Multiple Regression

Anil Akyildirim

11/18/2019

Intro to Multiple Regression

Baby weights, Part III. (9.3, P. 351). A more realistic approach to modeling infant weights is to consider all possibly related variables at once. Other variables of interest include length of pregnancy in days (gestation), mother’s age in years(age), mother’s height in inches(height), and mother’s pregnancy weight in piunts(weight). Below are three observations from this data set.

The summary table below shows the results of a regression model for predicting the average birth weight of babies based on all of the variables included in the data set.

  1. Write the equation of the regression model that includes all of the variables.
  2. Interpret the slopes of gestation and age in this context.
  3. Calculate the residual for the first observation in the data set.
  4. The variance residual is 249.28, and the variance of the birth weights of all babies in the data set is 332.57. Calculate the \(R^2\) . Note that there are 1,236 observations in the data set.

Equation of the Regression Model

\(Birth weight = \beta_{0} + \beta_{1} * gestation + \beta_{2}*parity + \beta_{3}*age + \beta_4{height} + \beta_{5}*weight + \beta_{6}*smoke\)

\(Birth weight = -80.41 + 0.44*gestation - 3.33*parity - 0.01*age +1.15*height + 0.05*weight -8.40*smoke\)

Interpretation of Slopes

Gestation: All else held constant, babies weigh 0.44 ounce more for each additional day of pregnancy.

Parity: All else held constant, first born babies weight 3.33 ounce less than other babies.

Age: All else held constant, babies weigh 0.01 ounce less for each additional year in mother’s age.

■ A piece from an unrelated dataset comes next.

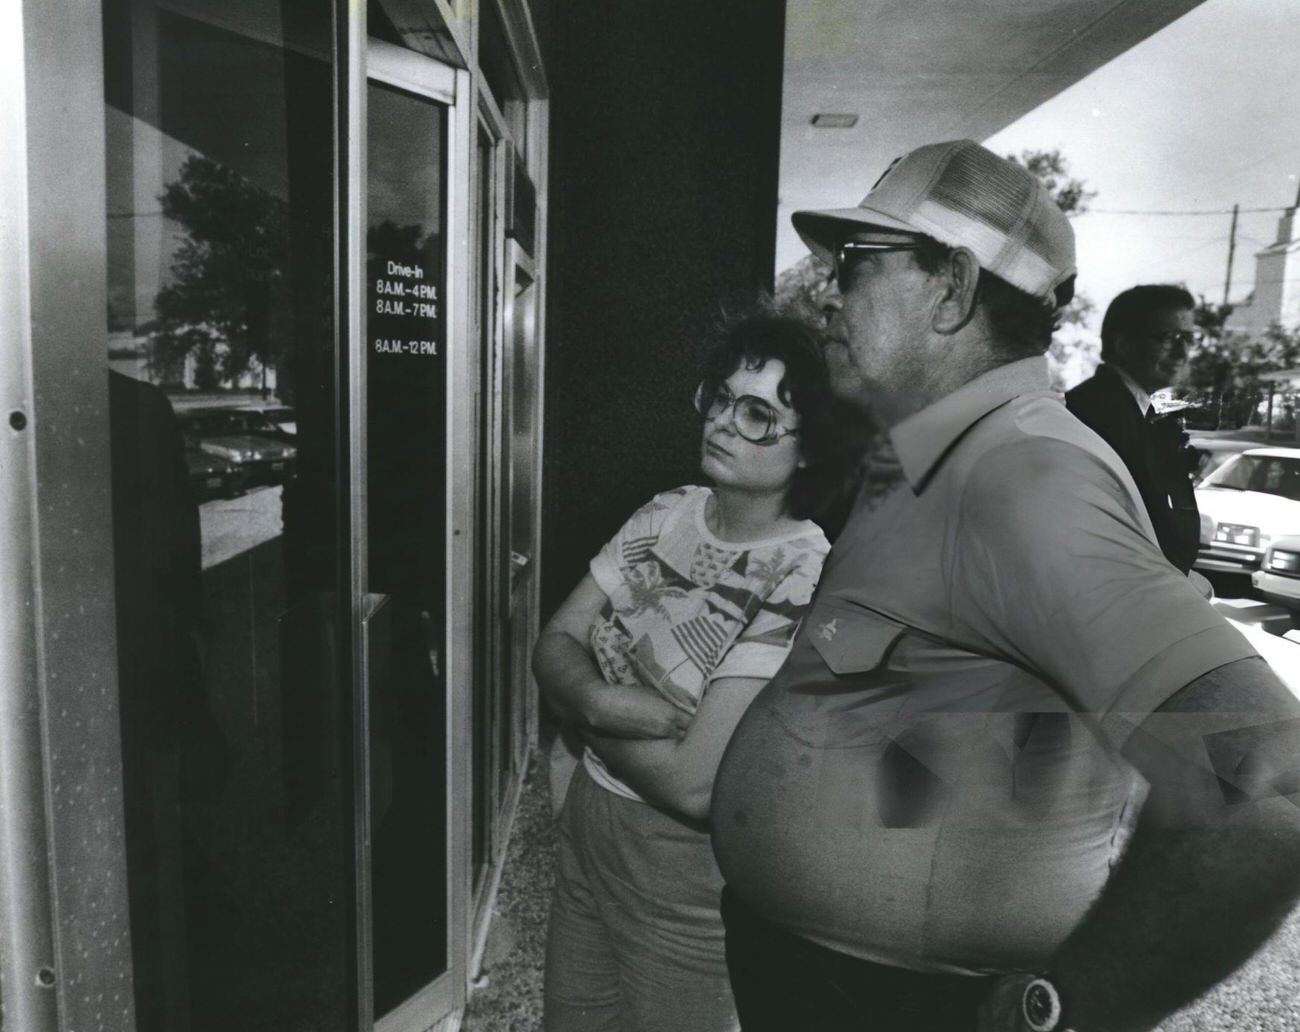 Ruby Peek and Carlos Vivo read the insolvency notice on the door of Katy National Bank, Houston, 1980s

Height: All else held constant, babies weigh 1.15 ounce more for each additional inch in mother’s height.

Weight: All else held constant, babies weigh 0.05 ounce more for each additional lbs in mother’s weight.

Smoke: All else held constant, non smoker mother’s babies weigh 8.40 less than smoker babies.

Intercept: Babies that are not first born, had 0 length of pregnancy, 0 years old, 0 inches tall, 0 lbs and non smoker weigh average 80.41. Obviously, this does not make sense in context.

Calculating Residuals

Residuals is the difference between the observed and predicted values of Birth weight.

\(Birth Weight=-80.41+(0.44*284)-(3.33*0)-(0.01*27)+(1.15*62)+(0.05*100)-(8.40*0)\)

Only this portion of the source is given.